WEGA fusion experiment now retired

Wendelstein training experiment at IPP Greifswald / almost 40 years of experimentation

November 22, 2013



After twelve years of fruitful research the small WEGA fusion device at IPP’s Greifswald branch has now been shut down. The “Wendelstein training experiment at IPP Greifswald” is making room for the Wendelstein 7-X large-scale device, construction of which will be concluded next year.

WEGA served as a training ground for students and junior scientists at Greifswald to bridge the gap till completion of Wendelstein 7-X. WEGA provided many members of staff of the branch institute, established in 1994, with their first experience in a plasma experiment – with installation of the device, construction and testing of measuring facilities or control of the experiment.
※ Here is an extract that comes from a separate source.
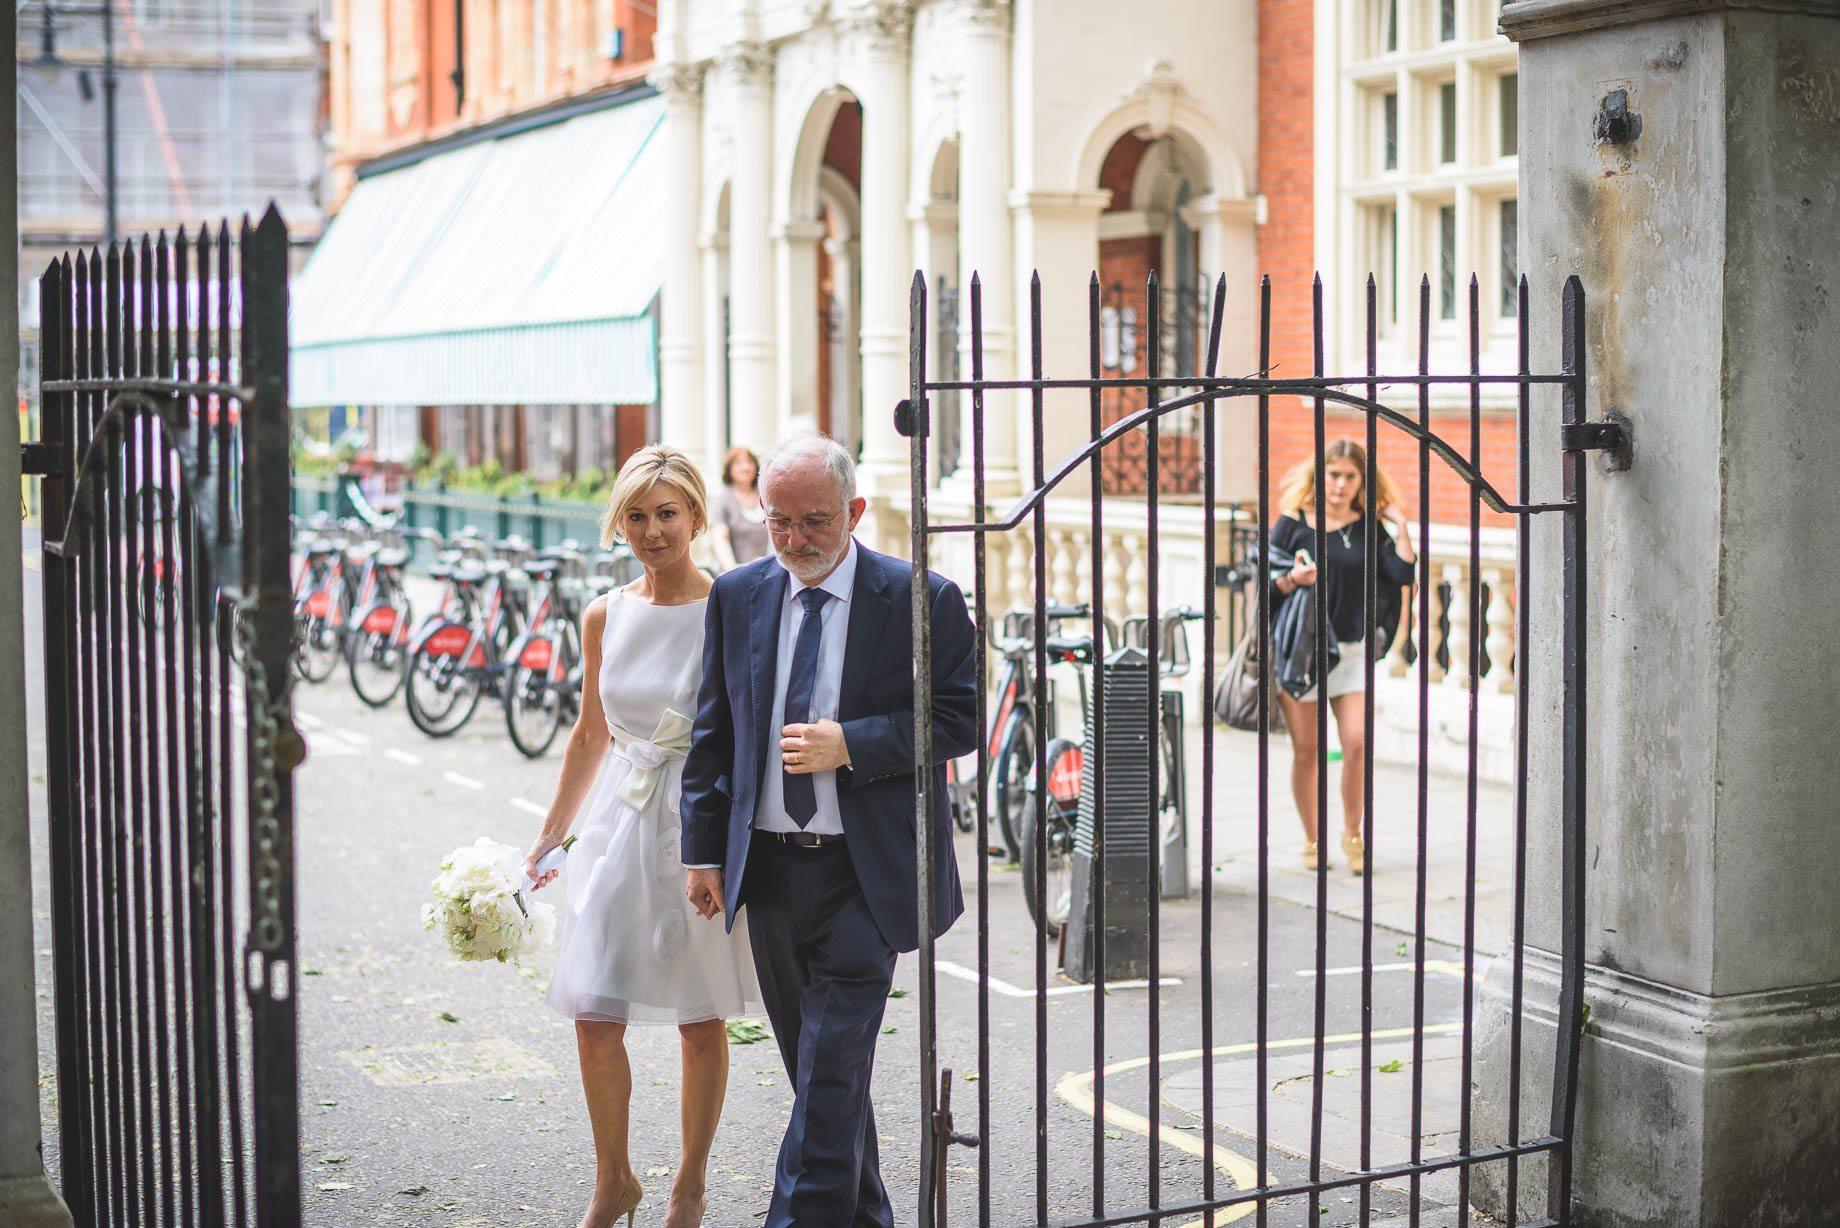 Mayfair wedding photography - Allison and Eugene (55 of 94)
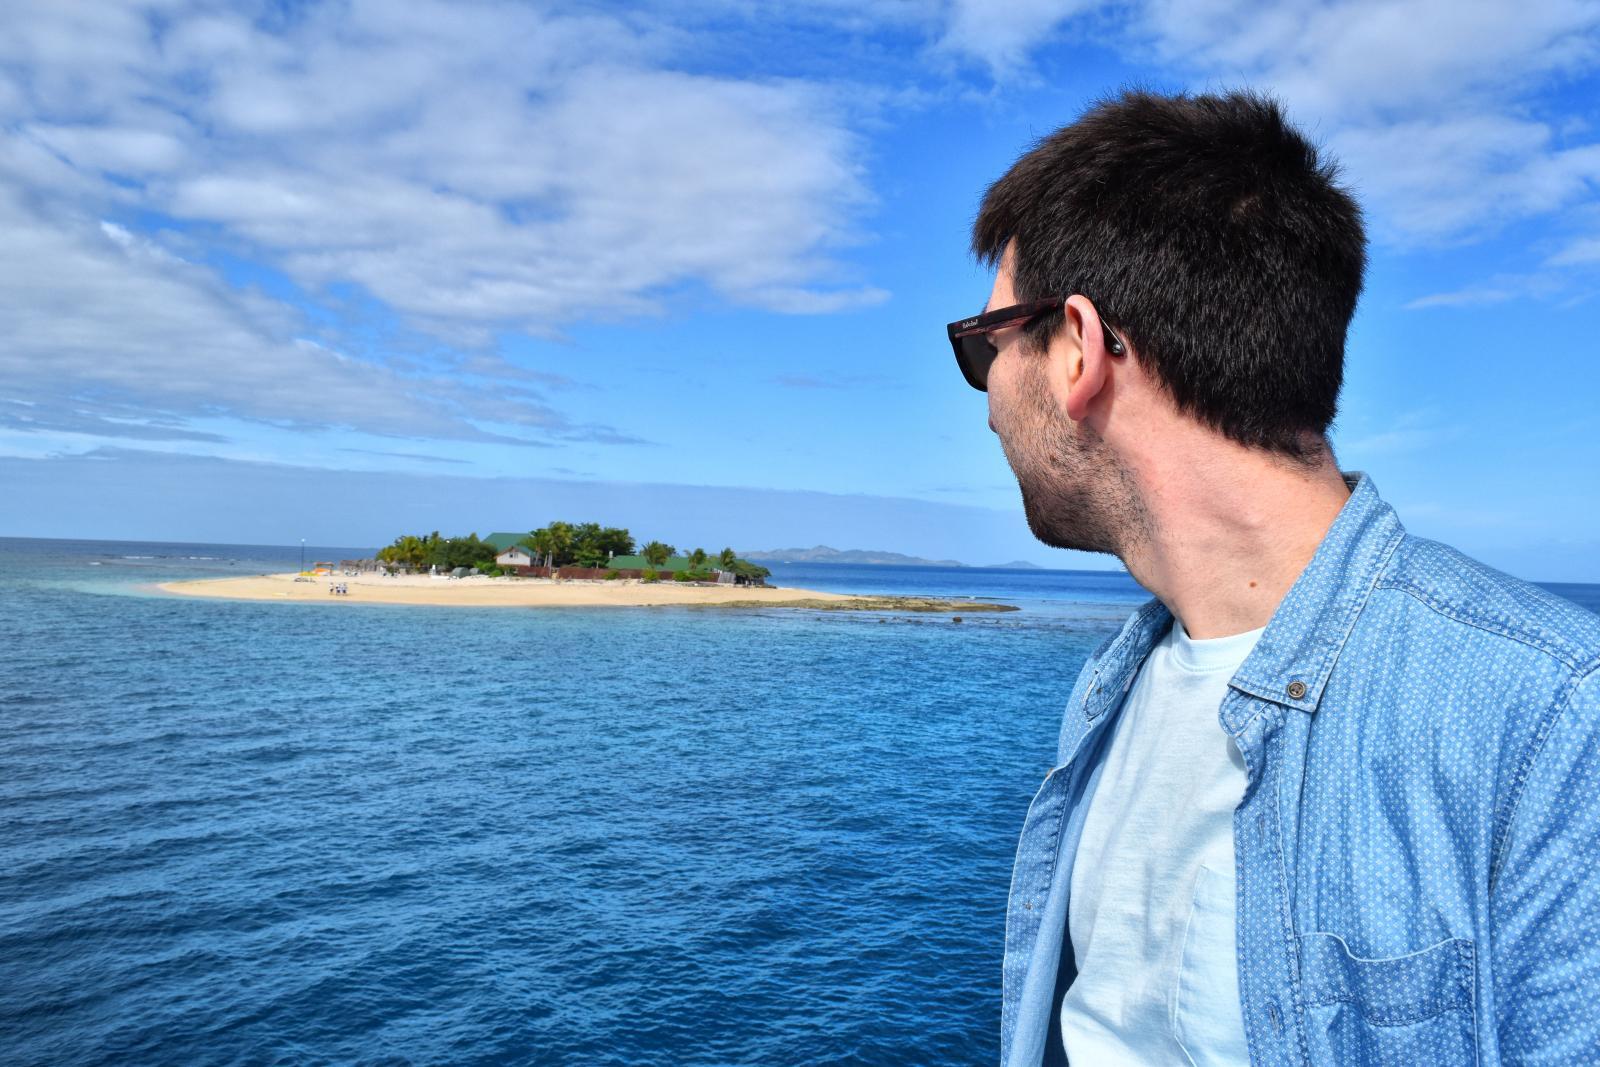 © FijiPocketGuide.com

The readily adaptable WEGA device made it relatively easy to install new heating antennas, measuring facilities or control systems and test them with respect to big brother Wendelstein 7-X. But WEGA was not restricted to preparation and training, it also served for research. Prominent topics were plasma turbulence, heating of dense plasmas, wall conditioning or confinement of high-energy electrons. “WEGA was always good for surprises”, stated experiment head Dr. Matthias Otte in retrospect.

All in all, WEGA set the scene for two master theses, 13 diploma theses and six PhD theses. Numerous trainees gained from it their first insight into plasma physics; at many open-door days visitors were enabled with small-scale WEGA to understand how Wendelstein 7-X would one day function.

WEGA was a member of IPP’s Wendelstein family and could look back on an eventful past: As “Wendelstein Experiment in Grenoble for the Application of Radio Frequency Heating” the device was first commissioned in 1975 as part of the European Fusion Programme in a joint German-French-Belgian project in Grenoble. After a seventeen-year interim domicile at Stuttgart University’s Institute of Plasma Research it was continued at IPP’s Greifswald branch. “Counting its years of operation at Grenoble and Stuttgart, WEGA could look back on almost 40 years of experimentation”, recalls Matthias Otte with a touch of melancholy. “This certainly makes it one of, if not the longest-lasting fusion experiment on magnetic confinement”.